Comment 13 Christoph Karl 2022-01-16 15:09:22 UTC
Maybe related to https://bugzilla.redhat.com/show_bug.cgi?id=2032085

Comment 14 Radek Vykydal 2022-01-17 09:27:55 UTC
Created attachment 1851304 [details]
/tmp/packaging.log from installer environment

I've built systemd package scratch build (on rawhide branch) with some naive debugging info added:

https://rvykydal.fedorapeople.org/systemd-resolved/dbg.patch
https://koji.fedoraproject.org/koji/taskinfo?taskID=81346952

And added repo with the package in kickstart
https://rvykydal.fedorapeople.org/systemd-resolved/ks.x.cfg
(repo --name systemd-resolved --baseurl http://10.43.136.2/users/rv/resolved/)

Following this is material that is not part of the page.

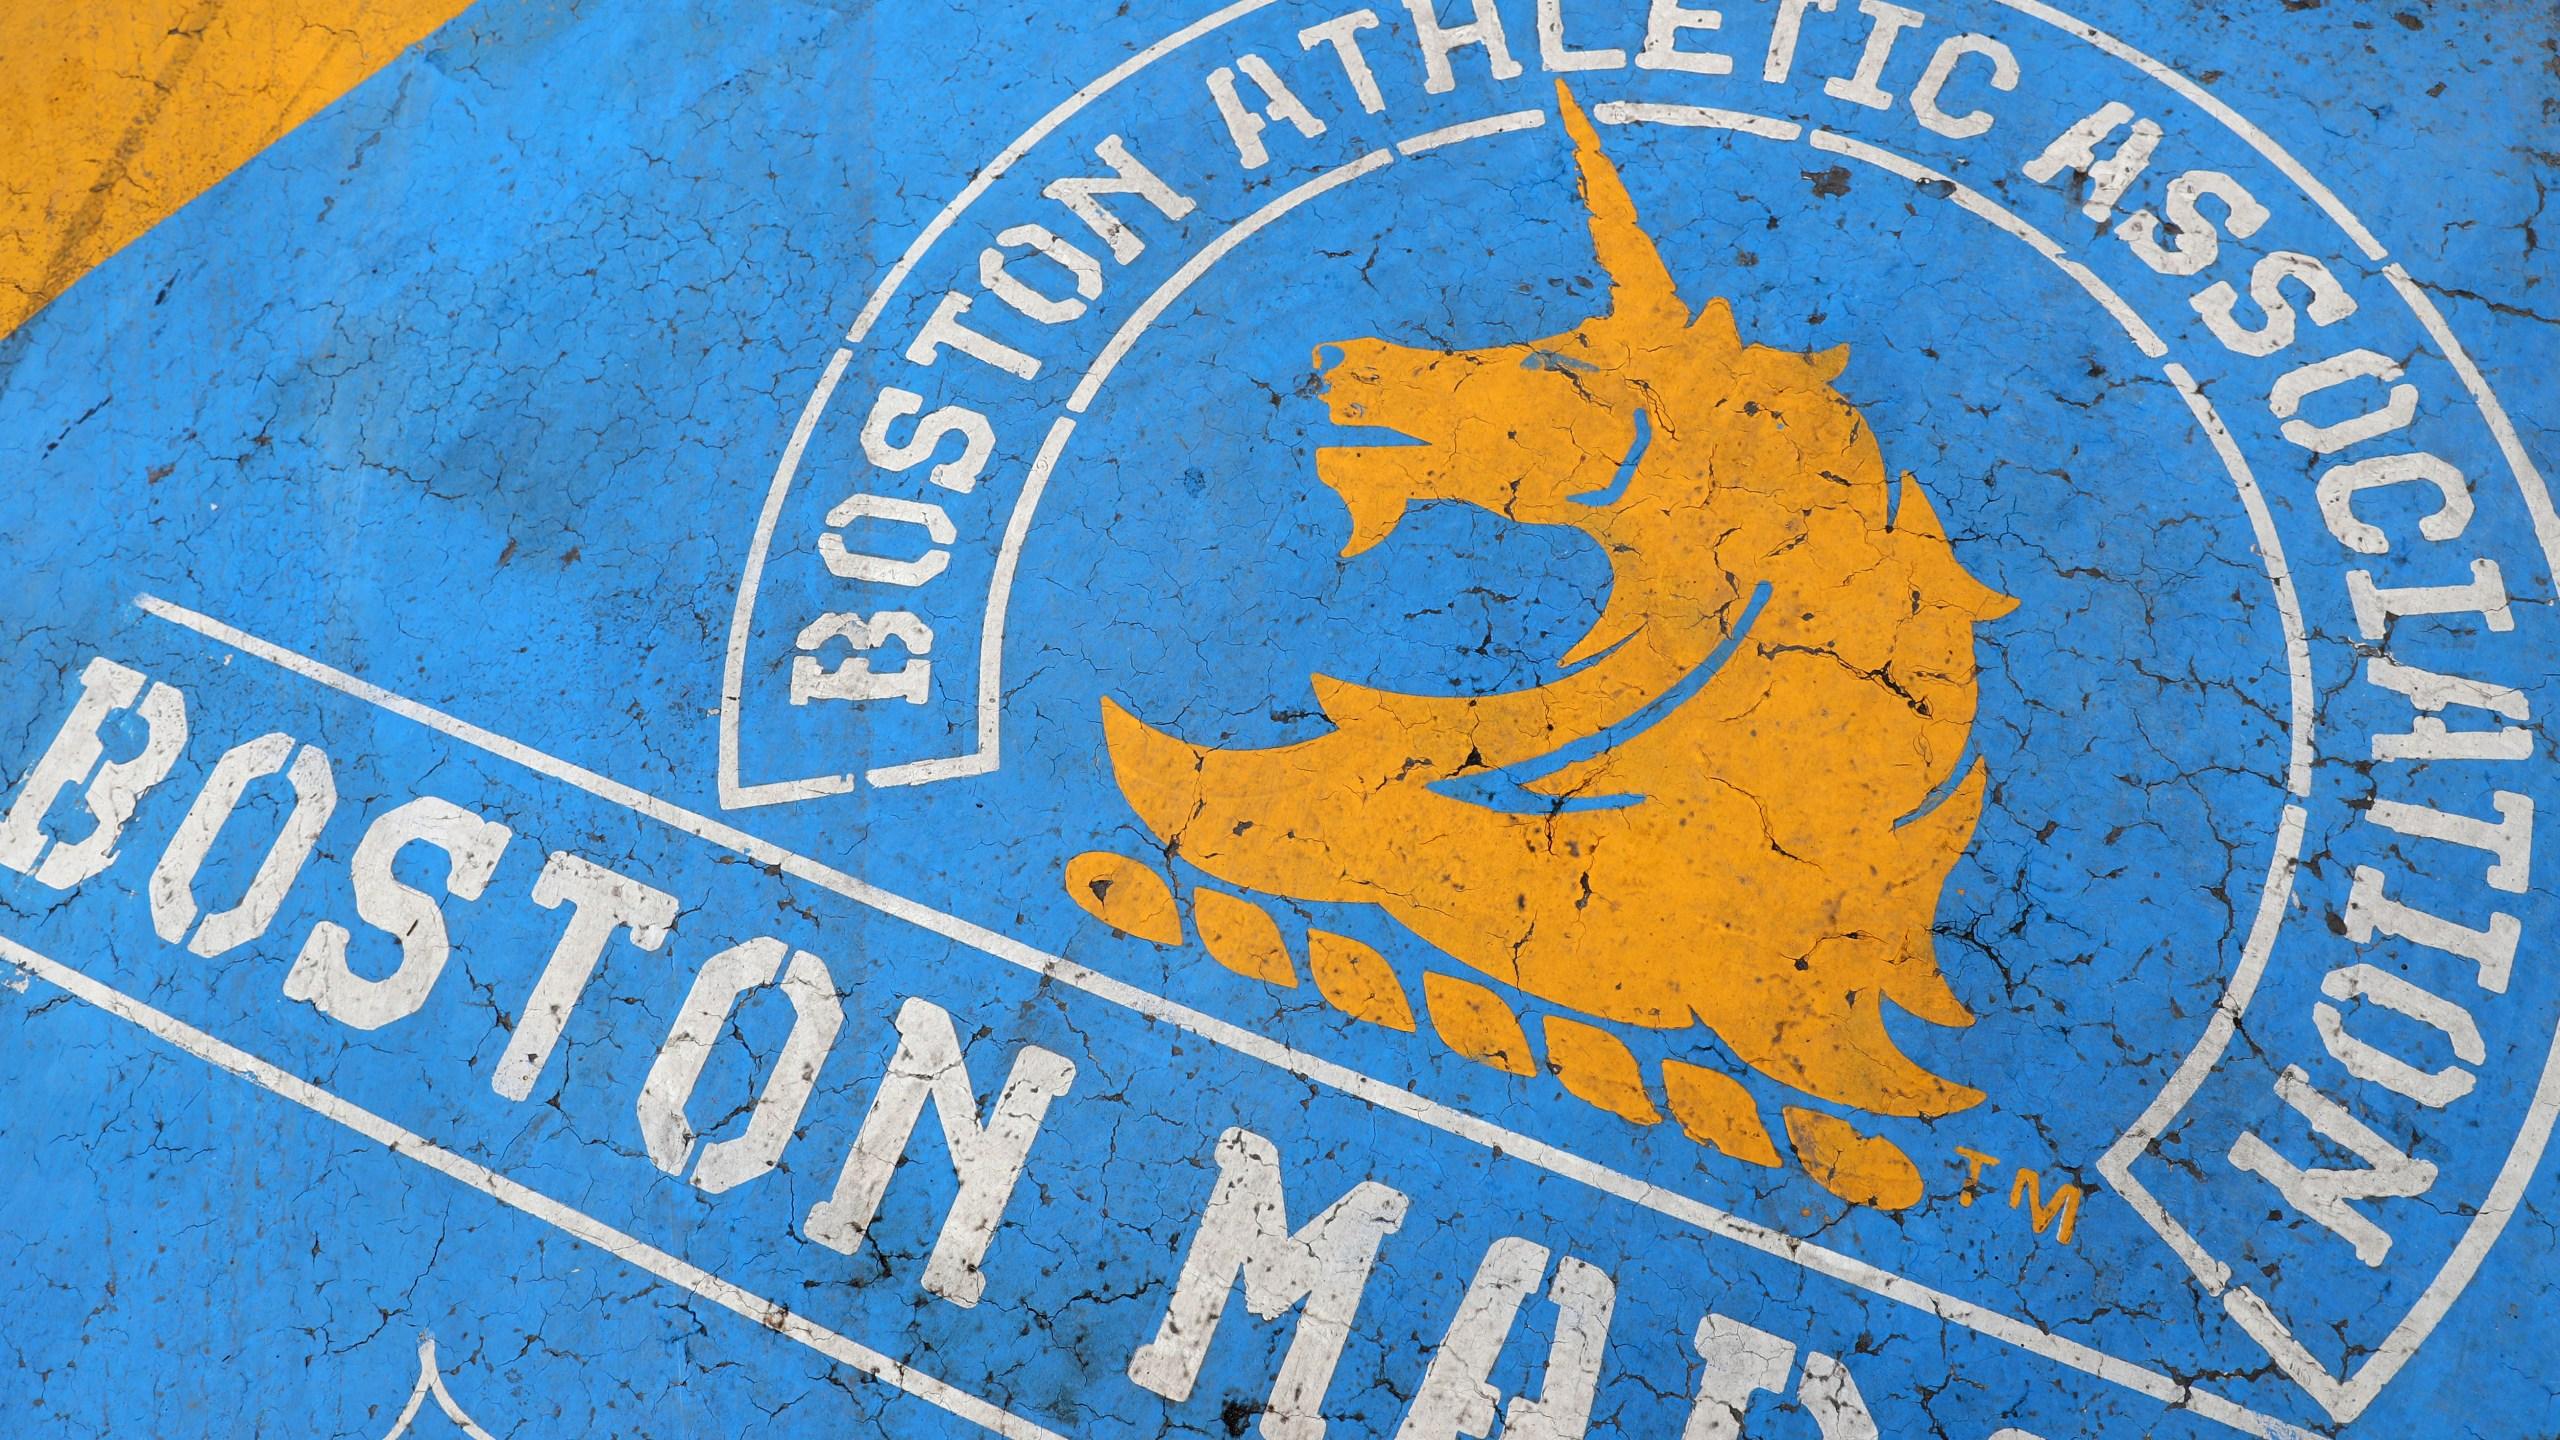 The Boston Marathon finish line. (Photo by Maddie Meyer/Getty Images)
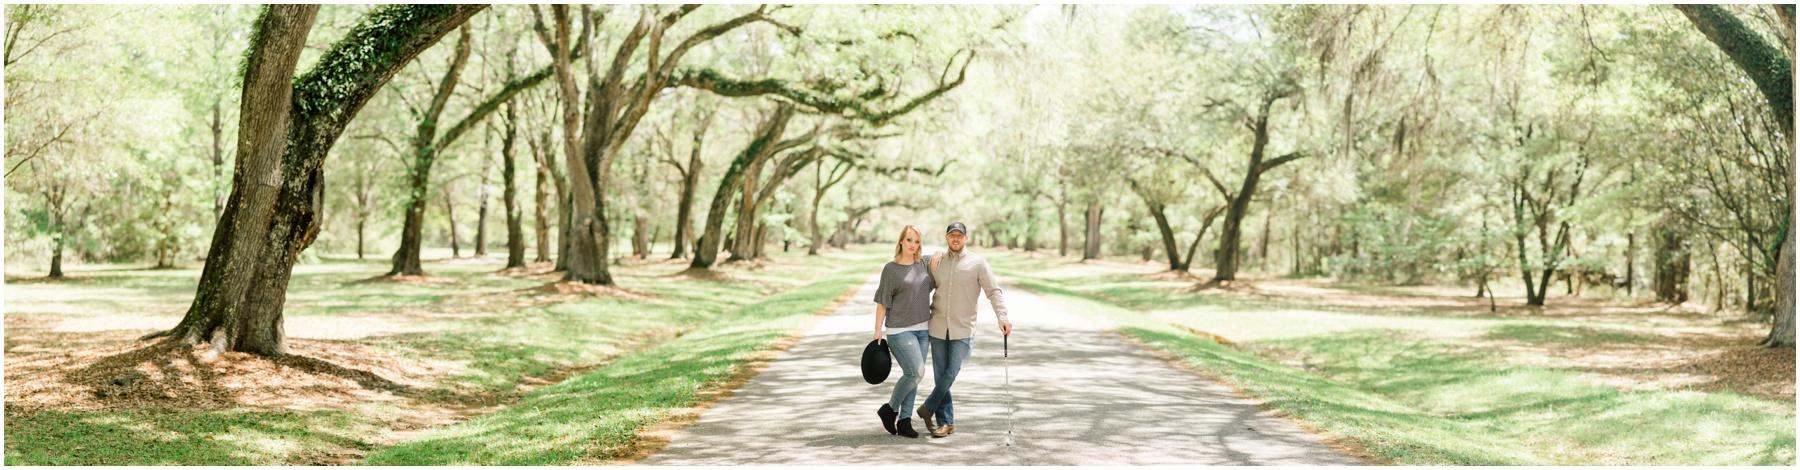 Mepkin-Abbey-Moncks-Corner-South-Carolina-Engagement-Session-Photos_0027.jpg

which I used for installation with rawhide installer with systemd-resolved package added (so the /etc/resolv.conf was managed by systemd-resolved, anaconda copied is as a file into installer system chroot /mnt/sysimage where the package installation happens .. point 1. from the https://bugzilla.redhat.com/show_bug.cgi?id=2032085#c5 , but the guard that fails would prevent creating of the symlink even if there were not andy /etc/resolv.conf file in the chroot)

I am attaching packaging.log with the "DDDDD" messages.
there is also https://rvykydal.fedorapeople.org/systemd-resolved/dnf.librepo.log bu t that is not interesting I think.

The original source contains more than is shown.